*** Material for the task ***

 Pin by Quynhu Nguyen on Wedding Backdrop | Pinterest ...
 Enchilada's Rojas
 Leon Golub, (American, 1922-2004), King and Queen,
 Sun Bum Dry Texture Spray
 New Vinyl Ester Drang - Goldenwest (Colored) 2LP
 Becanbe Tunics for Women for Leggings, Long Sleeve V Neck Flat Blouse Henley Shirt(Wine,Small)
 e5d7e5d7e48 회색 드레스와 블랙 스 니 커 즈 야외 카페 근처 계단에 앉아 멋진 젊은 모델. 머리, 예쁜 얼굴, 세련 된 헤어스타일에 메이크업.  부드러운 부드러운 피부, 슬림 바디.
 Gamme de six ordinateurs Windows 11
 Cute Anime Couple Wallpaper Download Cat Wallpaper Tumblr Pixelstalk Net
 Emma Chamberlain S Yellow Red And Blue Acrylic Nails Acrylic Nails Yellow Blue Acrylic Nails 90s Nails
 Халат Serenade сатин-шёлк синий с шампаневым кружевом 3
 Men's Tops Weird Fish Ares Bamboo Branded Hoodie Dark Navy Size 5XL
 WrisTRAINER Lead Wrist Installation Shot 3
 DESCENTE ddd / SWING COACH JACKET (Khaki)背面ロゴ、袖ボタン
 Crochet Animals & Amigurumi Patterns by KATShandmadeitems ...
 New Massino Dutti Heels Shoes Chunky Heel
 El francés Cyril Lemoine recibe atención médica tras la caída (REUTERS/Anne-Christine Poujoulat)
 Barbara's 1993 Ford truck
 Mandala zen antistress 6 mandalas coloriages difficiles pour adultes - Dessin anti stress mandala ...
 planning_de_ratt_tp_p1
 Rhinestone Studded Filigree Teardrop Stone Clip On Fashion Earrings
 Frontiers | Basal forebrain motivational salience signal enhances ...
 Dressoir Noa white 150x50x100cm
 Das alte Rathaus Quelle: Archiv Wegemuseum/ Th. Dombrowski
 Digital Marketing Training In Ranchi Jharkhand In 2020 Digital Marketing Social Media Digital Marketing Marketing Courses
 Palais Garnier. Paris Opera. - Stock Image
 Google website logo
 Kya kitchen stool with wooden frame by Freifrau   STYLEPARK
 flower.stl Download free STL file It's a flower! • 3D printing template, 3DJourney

*** End of Material for the task ***

*About this task*:
Restate the line containing "Dressoir Noa white 150x50x100cm" and every remaining line of the records word for word. Add nothing.

*Answer for the task*:
 Dressoir Noa white 150x50x100cm
 Das alte Rathaus Quelle: Archiv Wegemuseum/ Th. Dombrowski
 Digital Marketing Training In Ranchi Jharkhand In 2020 Digital Marketing Social Media Digital Marketing Marketing Courses
 Palais Garnier. Paris Opera. - Stock Image
 Google website logo
 Kya kitchen stool with wooden frame by Freifrau   STYLEPARK
 flower.stl Download free STL file It's a flower! • 3D printing template, 3DJourney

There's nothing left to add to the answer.